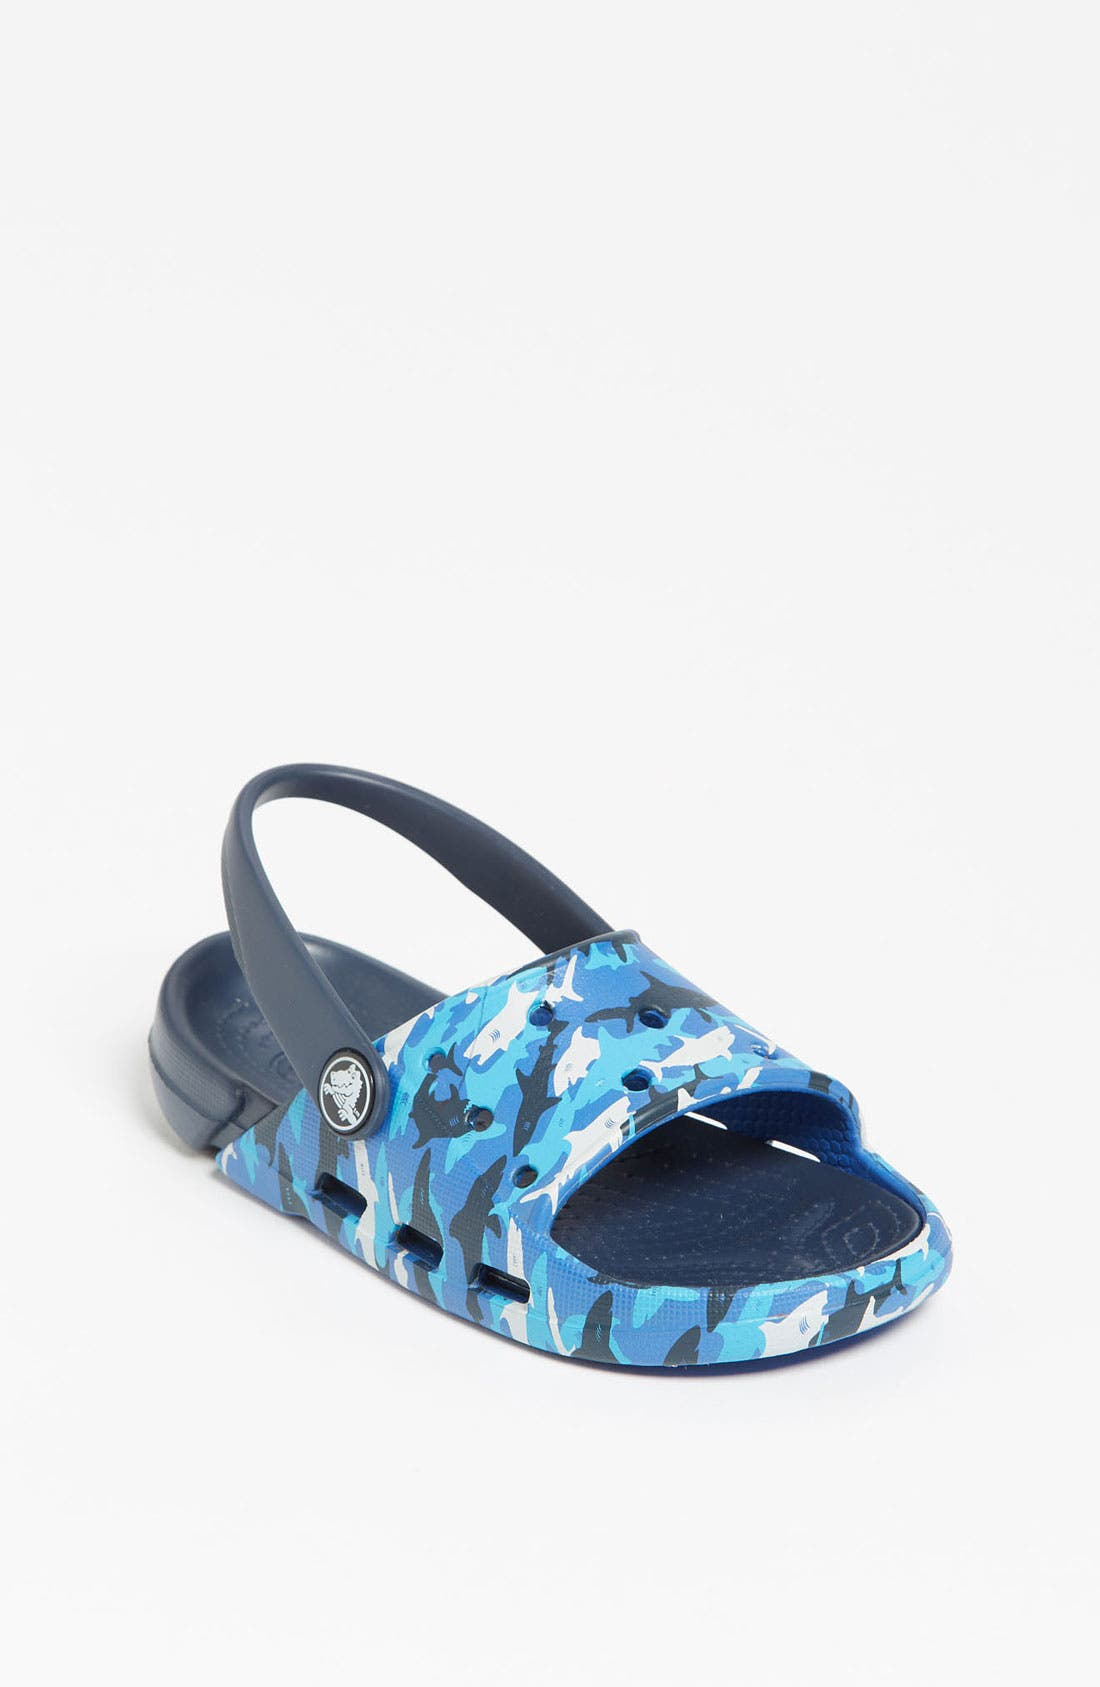 Main Image - CROCS™ 'Electro' Sandal (Walker, Toddler & Little Kid)
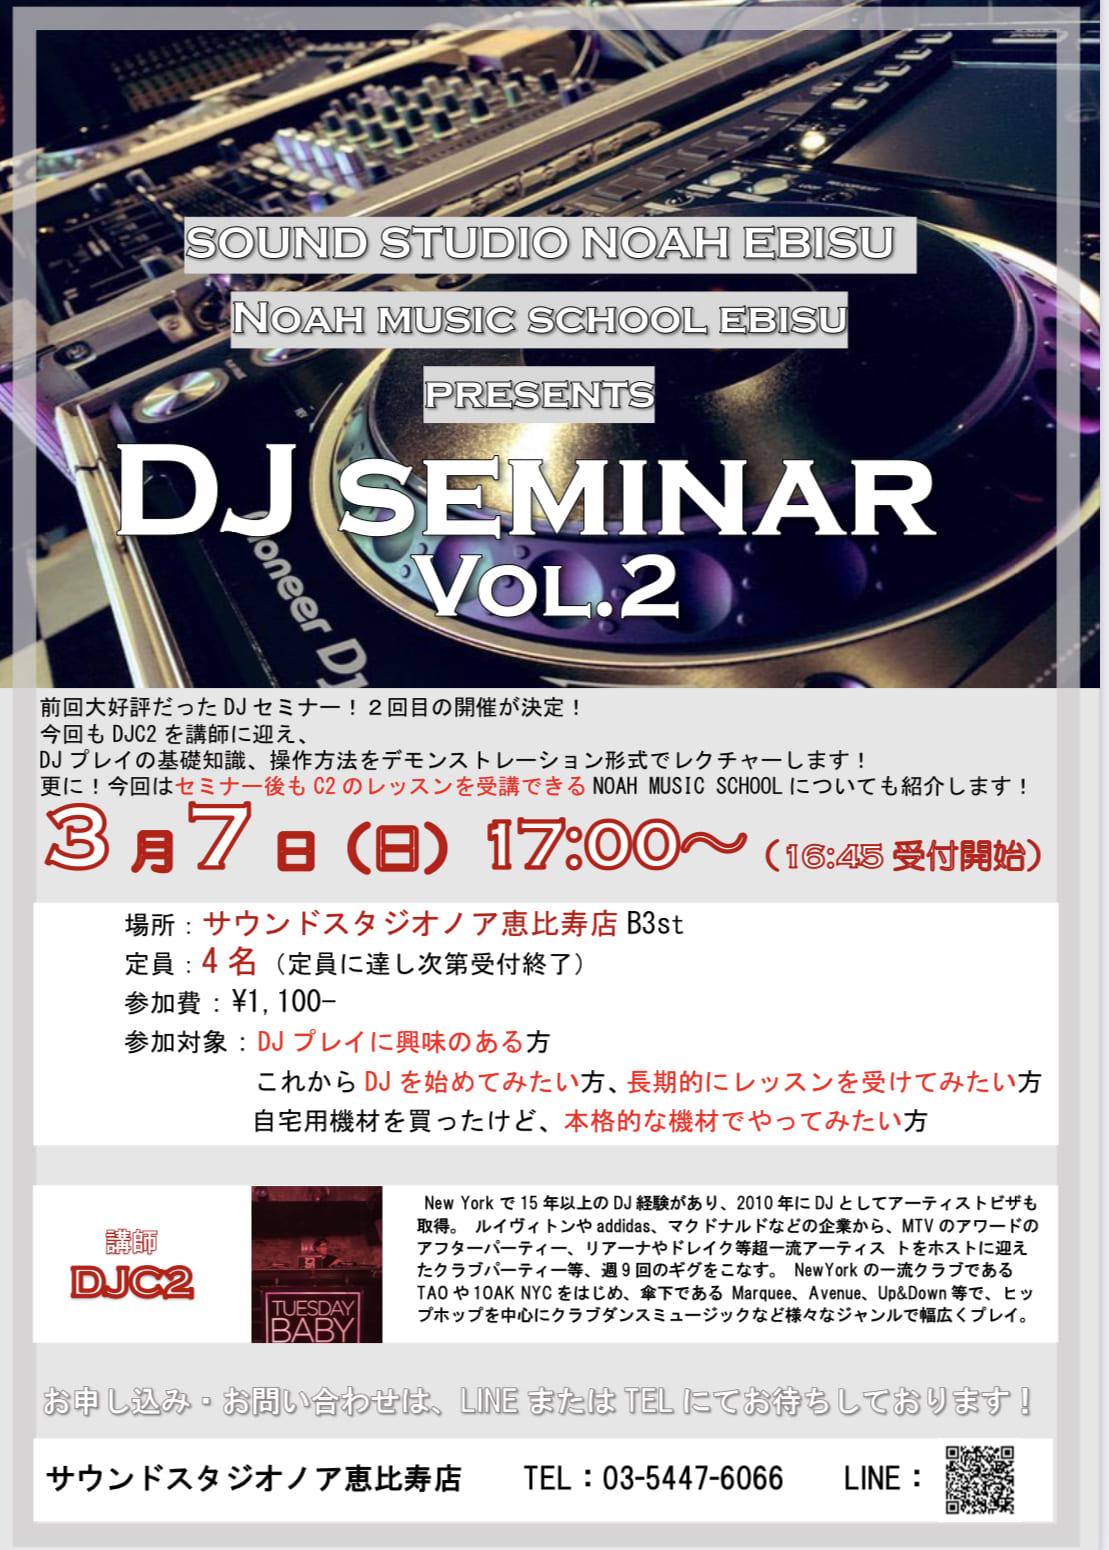 DJセミナーメルマガ用.jpg
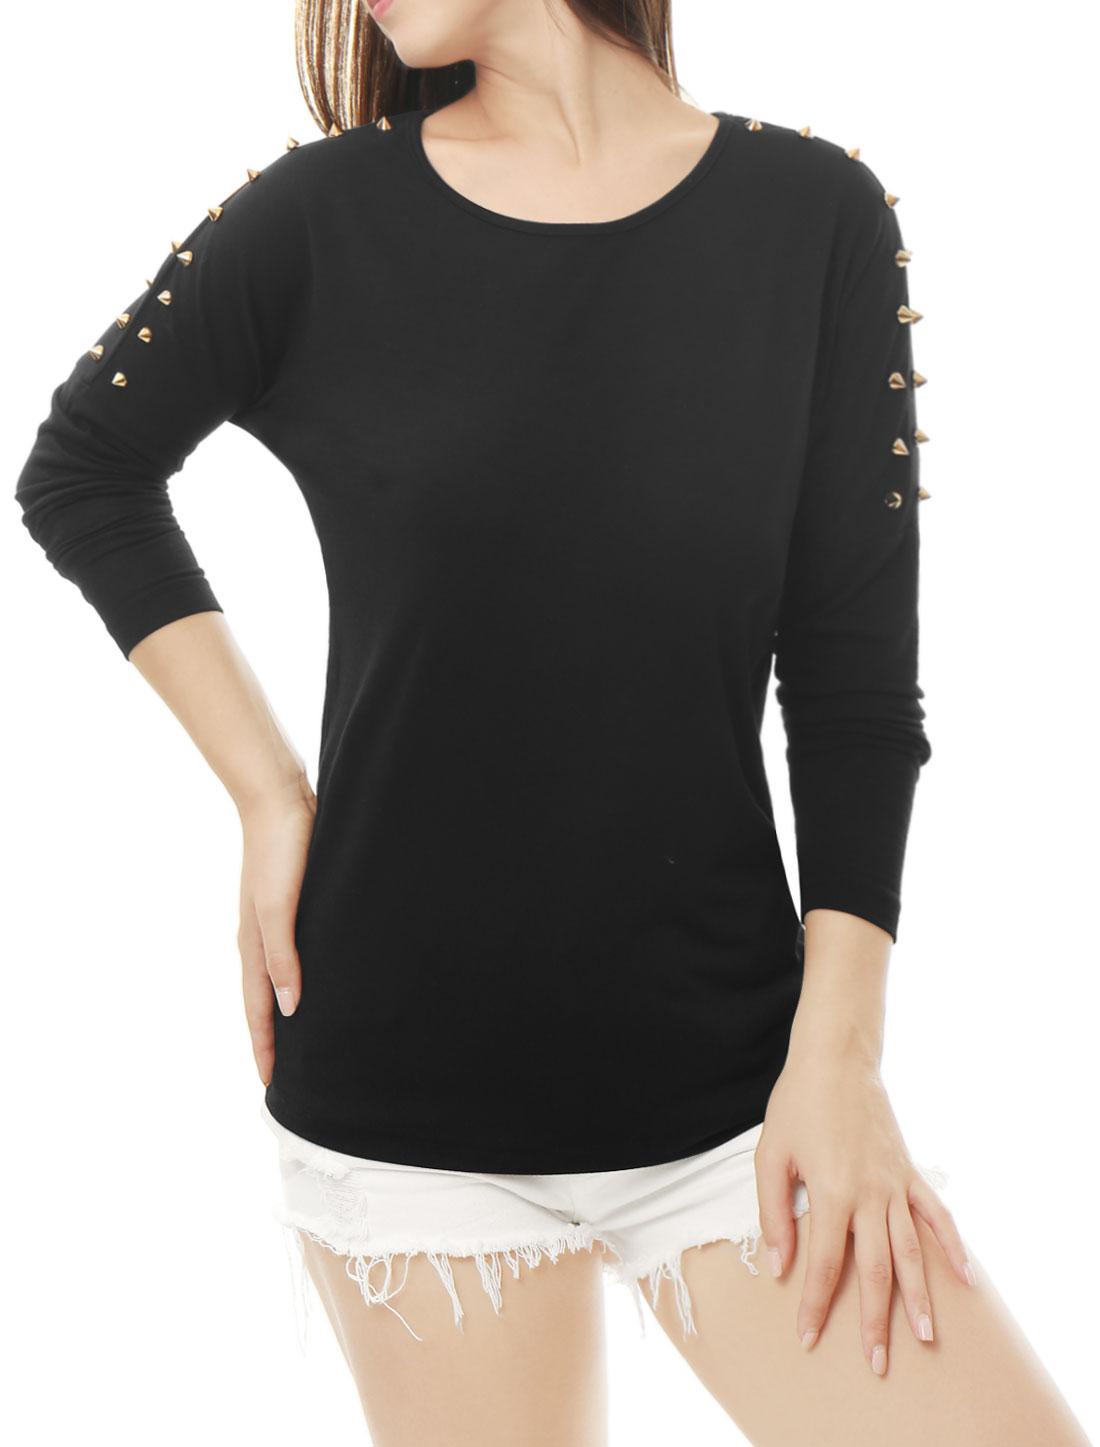 Women Round Neck Studs Embellished Dolman Sleeves Top Black L
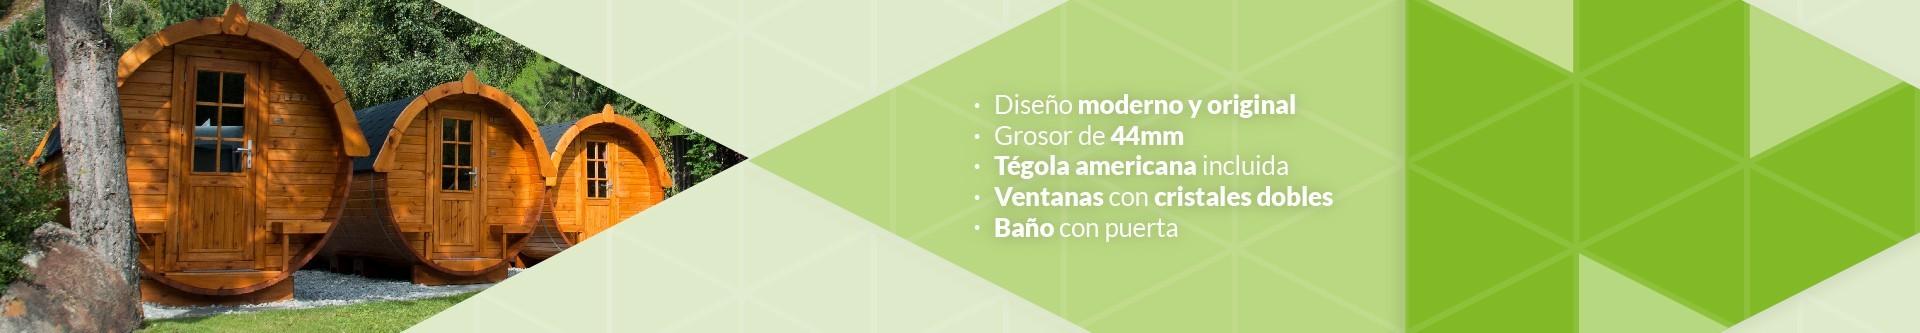 Casetas Barril (Camping Barril)
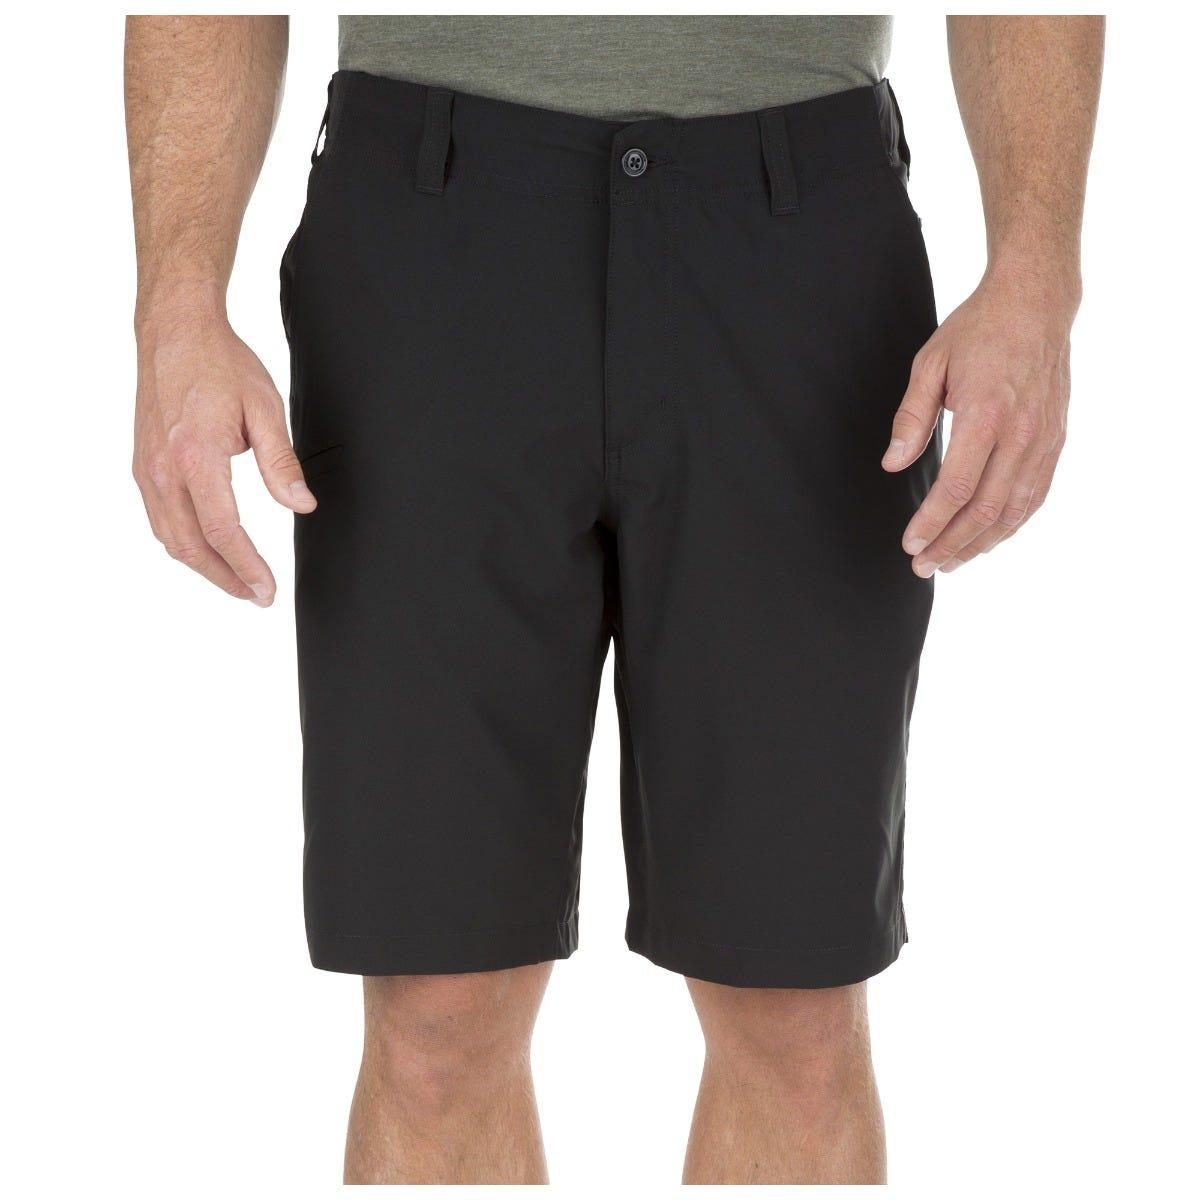 5.11 Tactical Men's Base Short (Black) thumbnail
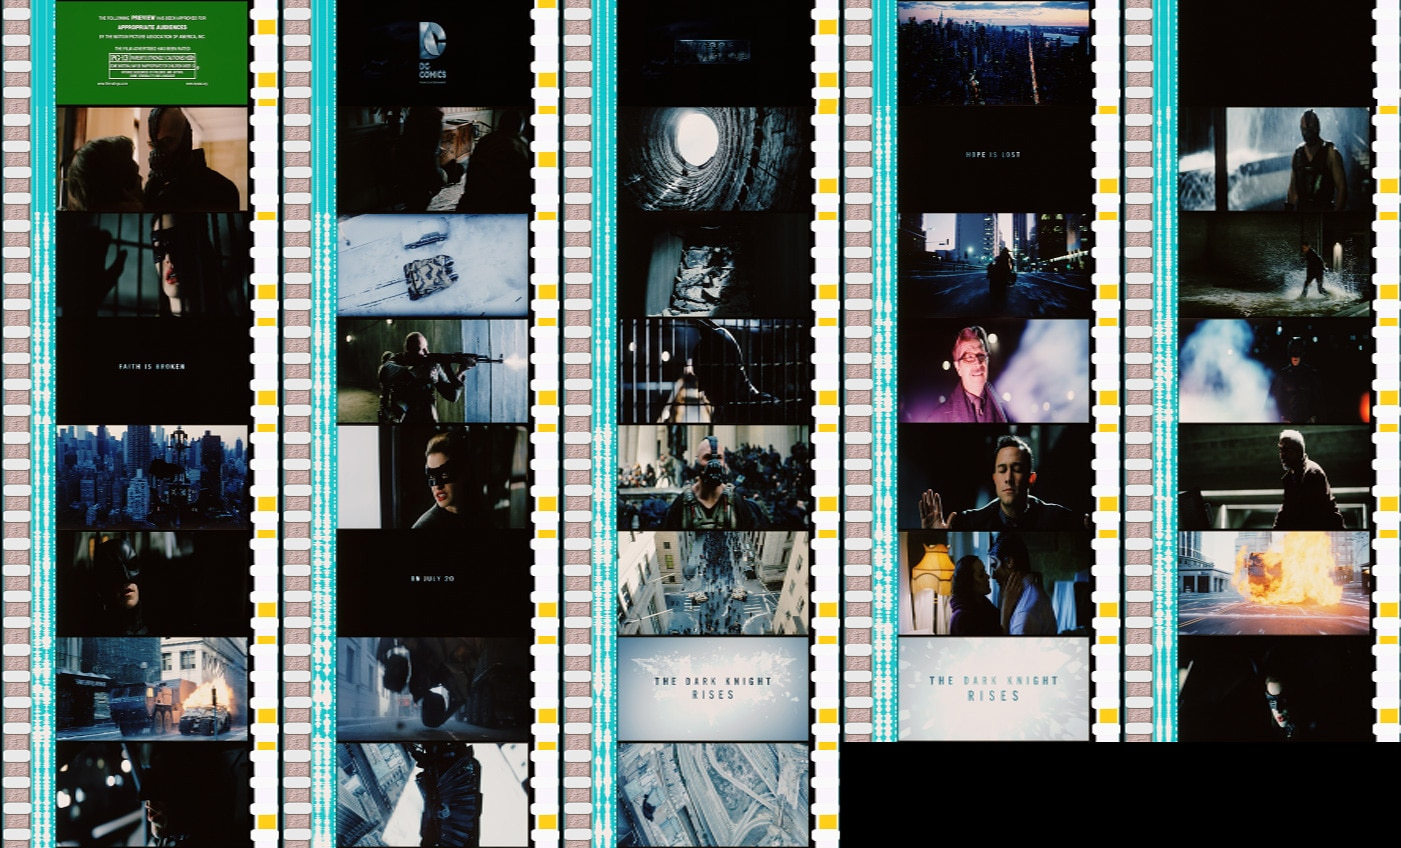 The-Dark-Knight-Rises-Viral-Reveals-New-Trailer-Screens-02

§ TRY IT: Every entry above should be duplicated exactly. Do not include the images.

§ RESPONSE TO THIS EXERCISE:
 Main Image - CROCS™ 'Electro' Sandal (Walker, Toddler & Little Kid)
 DJセミナーメルマガ用.jpg
 Women Round Neck Studs Embellished Dolman Sleeves Top Black L
 Casetas Barril (Camping Barril)
 5.11 Tactical Men's Base Short (Black) thumbnail
 The-Dark-Knight-Rises-Viral-Reveals-New-Trailer-Screens-02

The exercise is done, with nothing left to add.